* [PROBLEM STATEMENT] Print each line below verbatim, skipping every picture.

* [INFORMATION SUPPLIED]
================

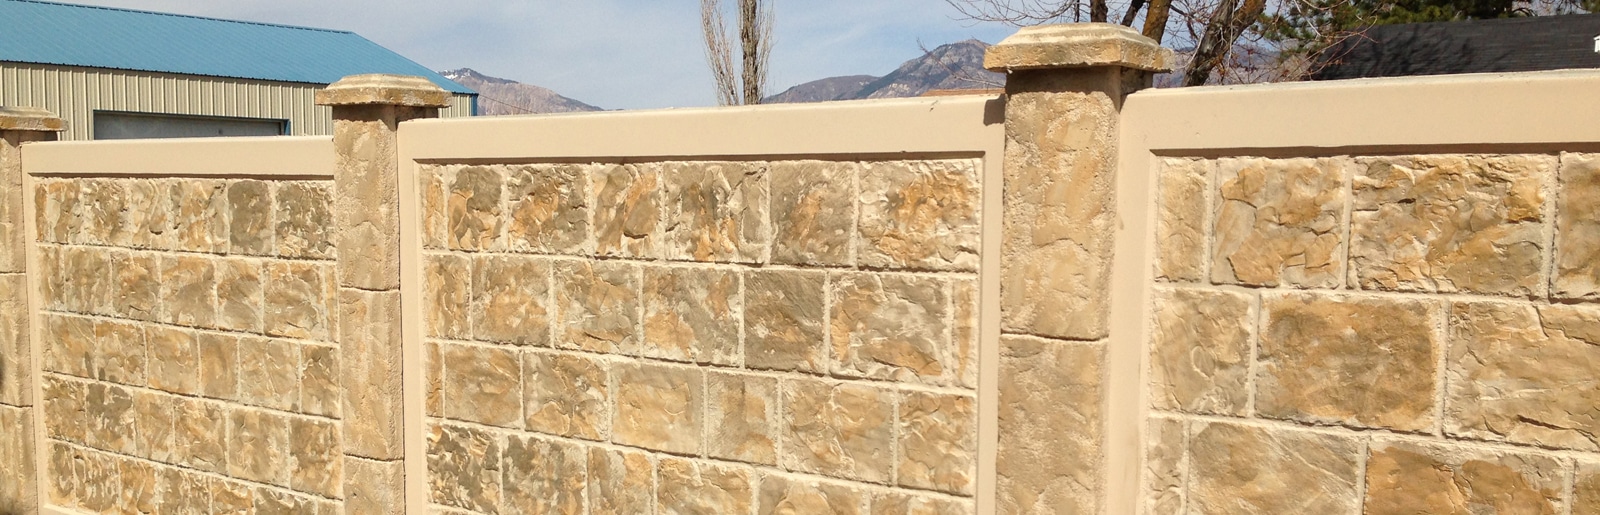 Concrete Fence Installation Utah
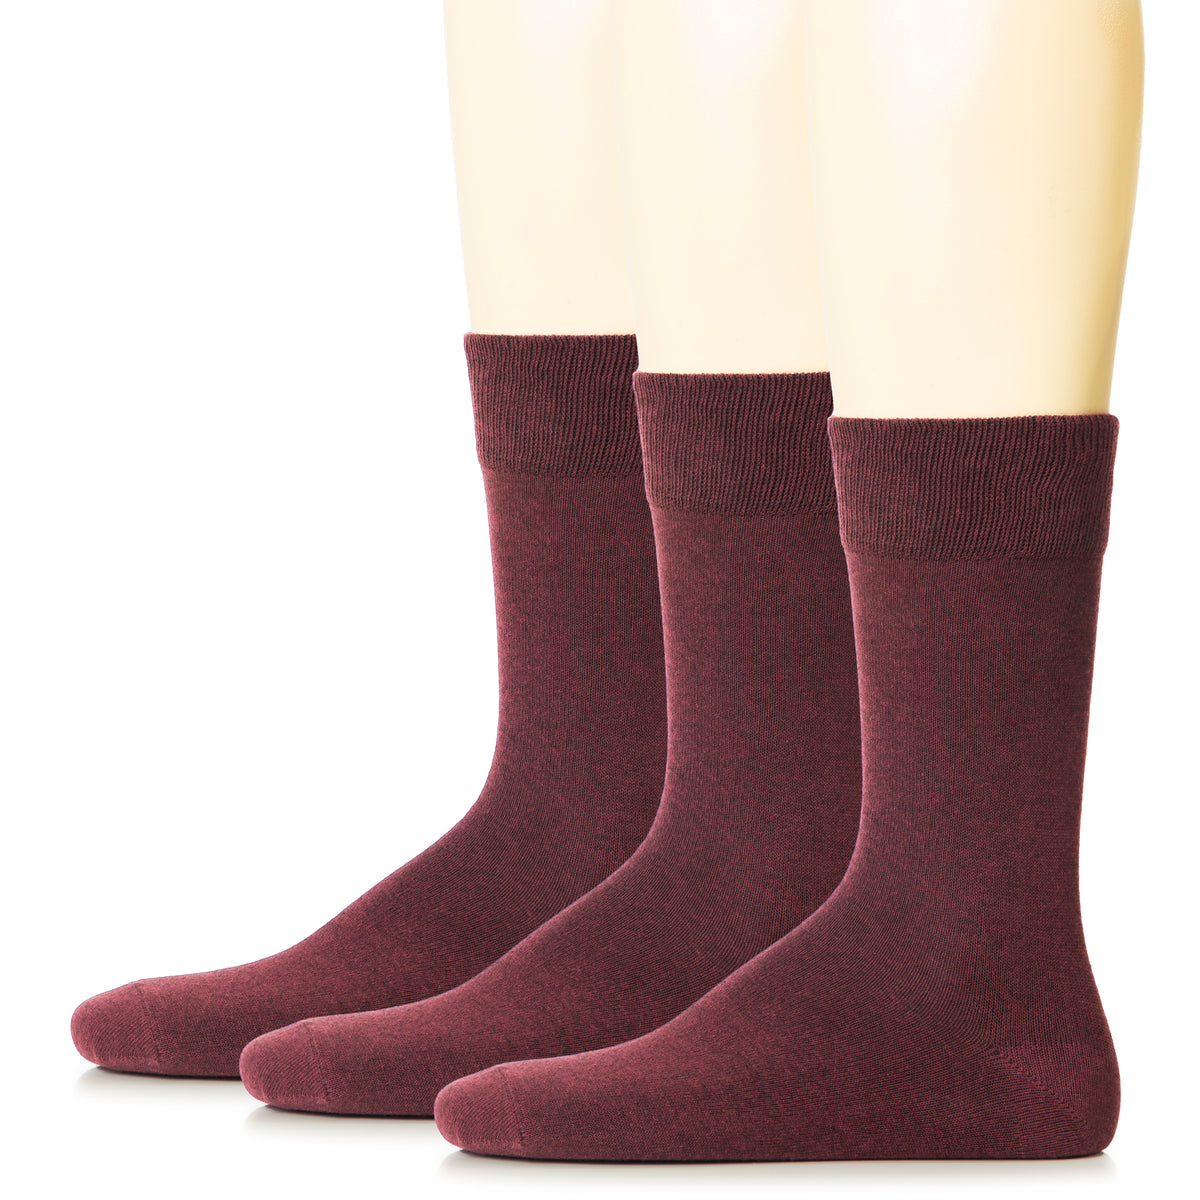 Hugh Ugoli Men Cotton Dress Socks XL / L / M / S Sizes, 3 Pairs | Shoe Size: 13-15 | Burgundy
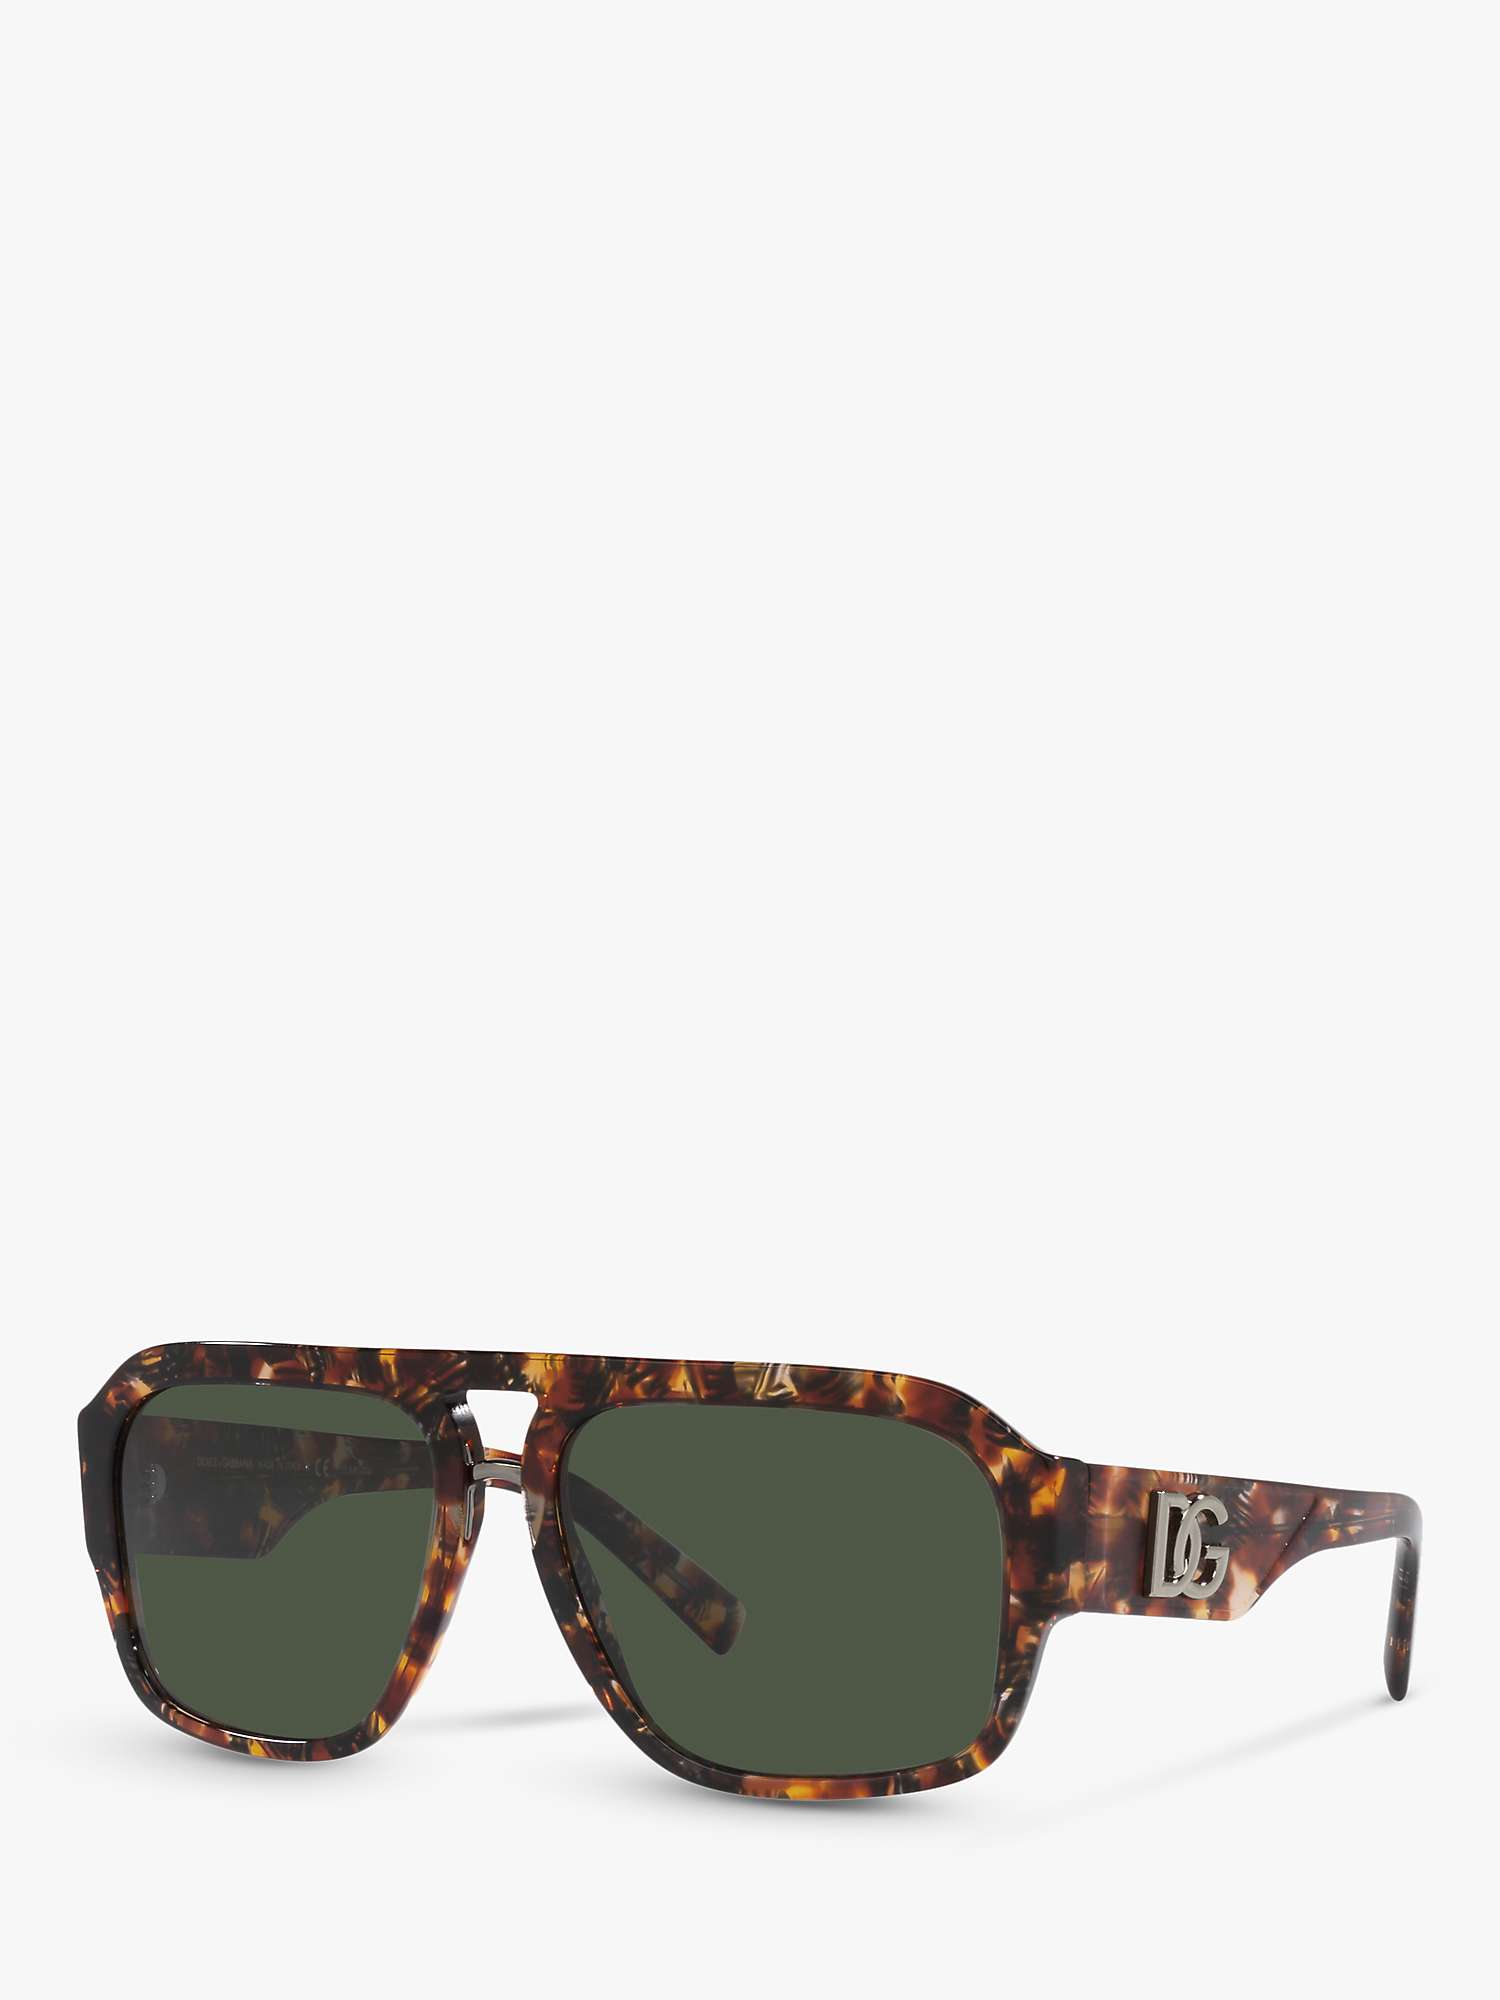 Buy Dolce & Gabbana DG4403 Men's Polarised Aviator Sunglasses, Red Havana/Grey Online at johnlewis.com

================

* [WORKED SOLUTION]
 Concrete Fence Installation Utah
 Hugh Ugoli Men Cotton Dress Socks XL / L / M / S Sizes, 3 Pairs | Shoe Size: 13-15 | Burgundy
 Buy Dolce & Gabbana DG4403 Men's Polarised Aviator Sunglasses, Red Havana/Grey Online at johnlewis.com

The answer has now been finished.